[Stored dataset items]
◆ ◆ ◆

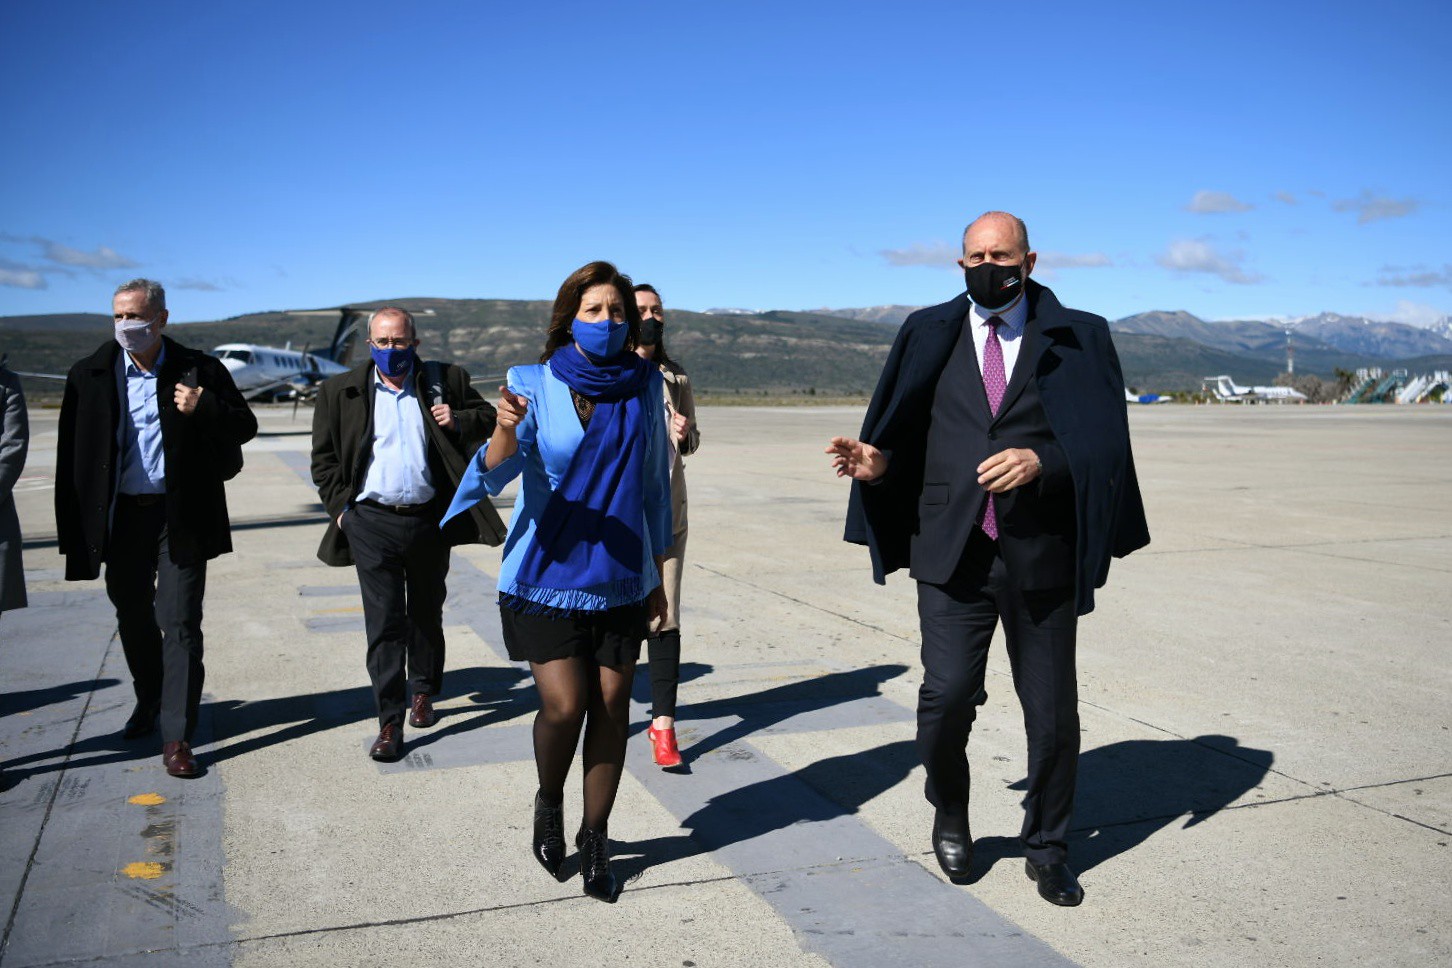 La gobernadora Arabela Carreras recibió a su par santafesino Omar Perotti en el aeropuerto de Bariloche. Foto: Gentileza
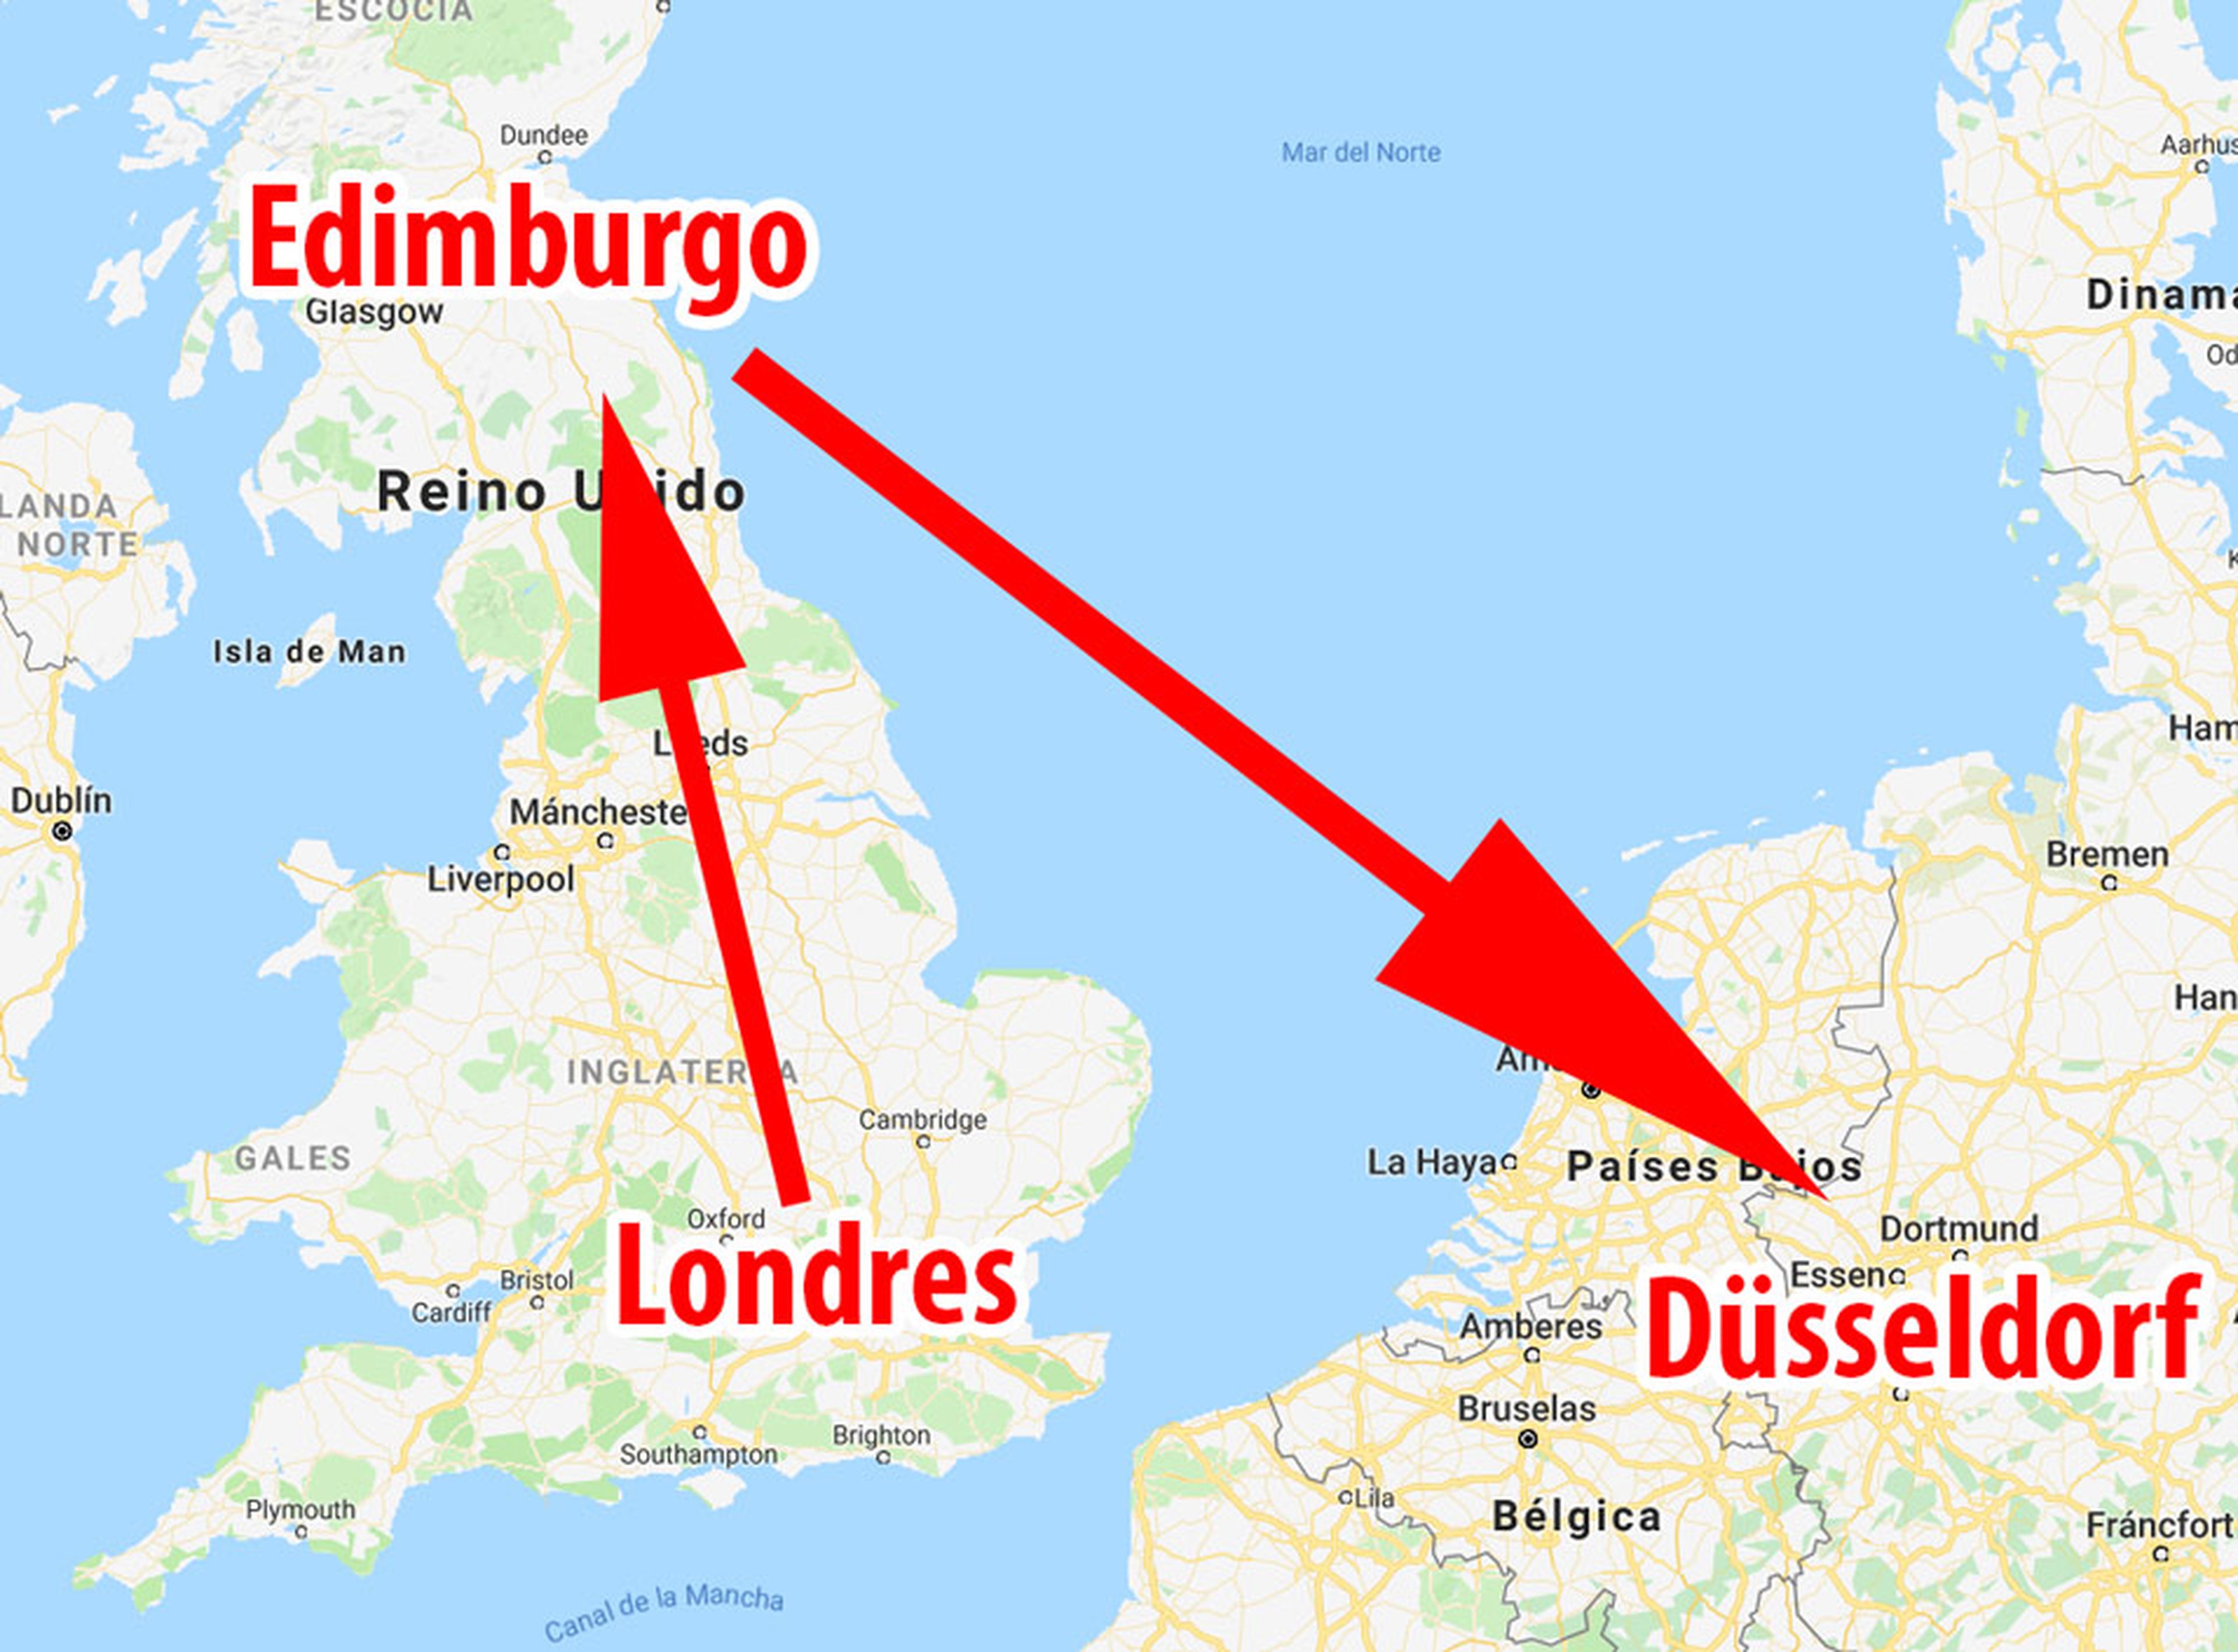 El vuelo que despegó de Londres debía aterrizar en Dusseldorf, pero en su lugar acabo pisando tierra en Edimburgo.
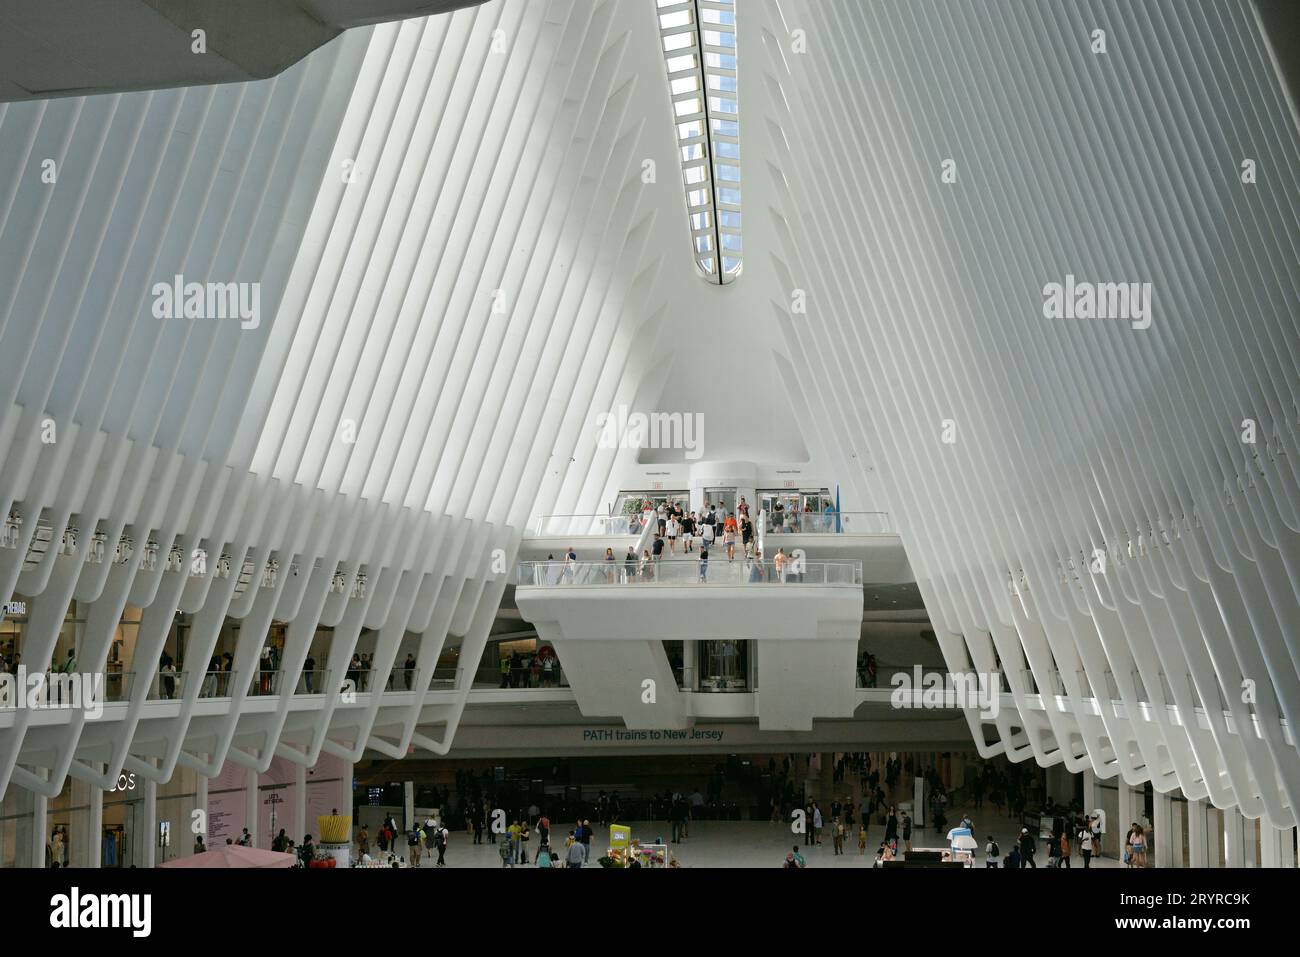 Il centro di trasporto Oculus World Trade Center a Ground Zero a Lower Manhattan, Stati Uniti Foto Stock
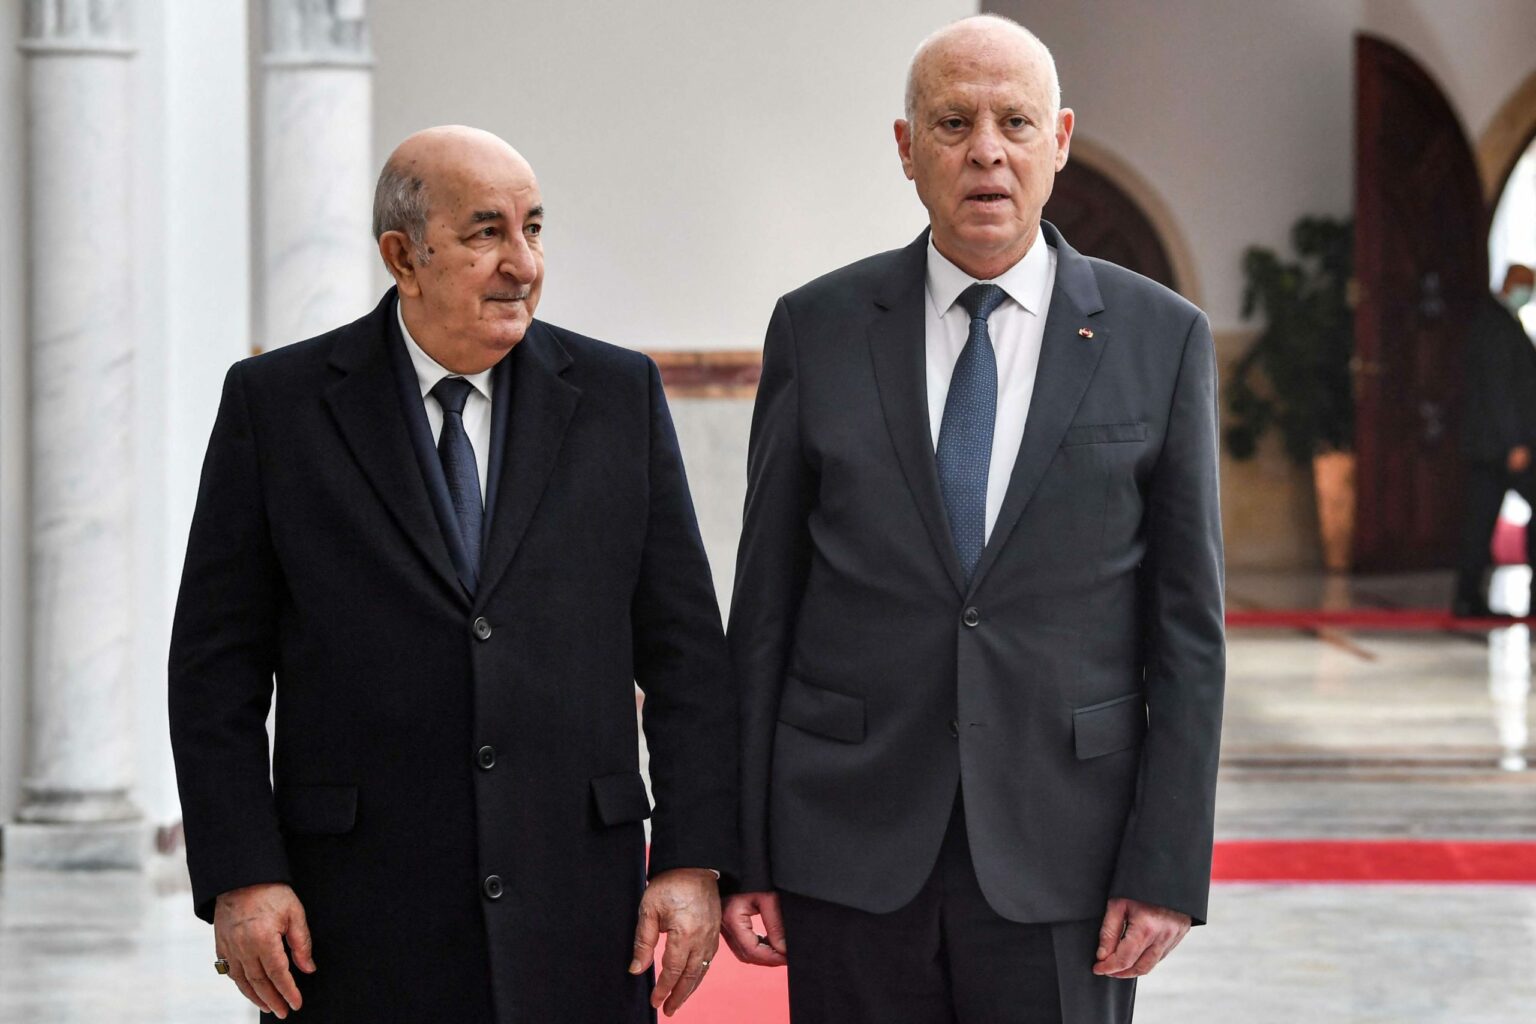 زلة لسان لخبير جزائري تكشف المستور بين الجزائر و تونس
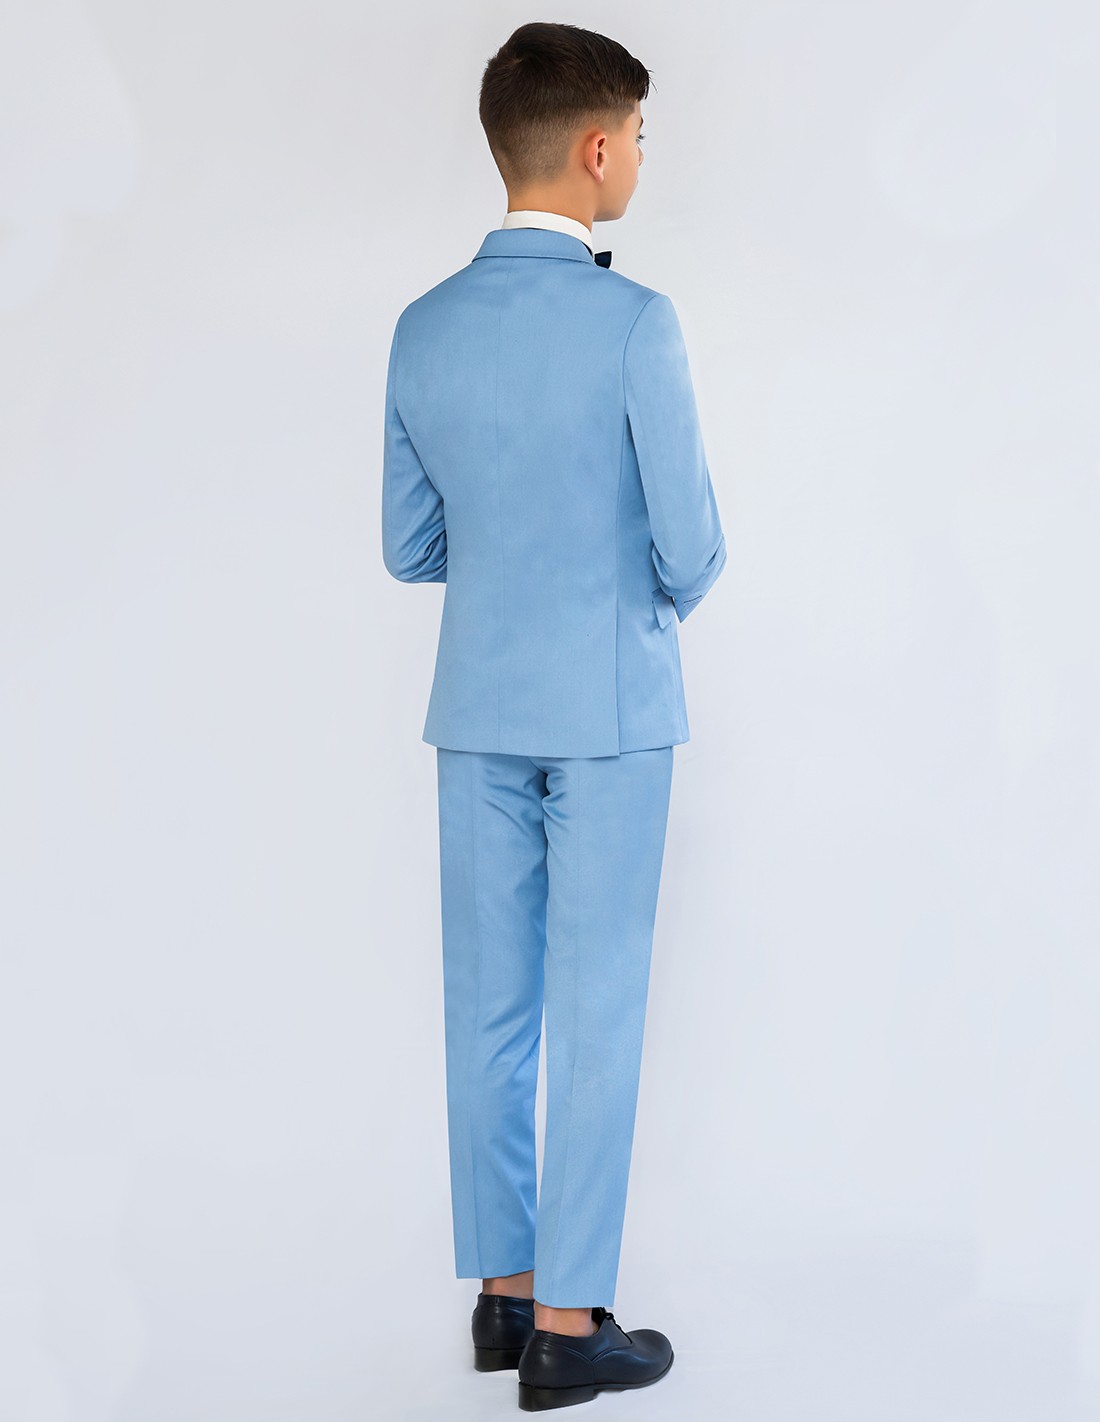 Costume garçon Nicolas bleu ciel pour mariage en jeans

◆ ◆ ◆

> [Try it]:
In the records above, the lines from the one containing "زلة لسان لخبير" through the last line are to be written out exactly, both ends included and pictures omitted.

> [Result of this task]:
 زلة لسان لخبير جزائري تكشف المستور بين الجزائر و تونس
 Costume garçon Nicolas bleu ciel pour mariage en jeans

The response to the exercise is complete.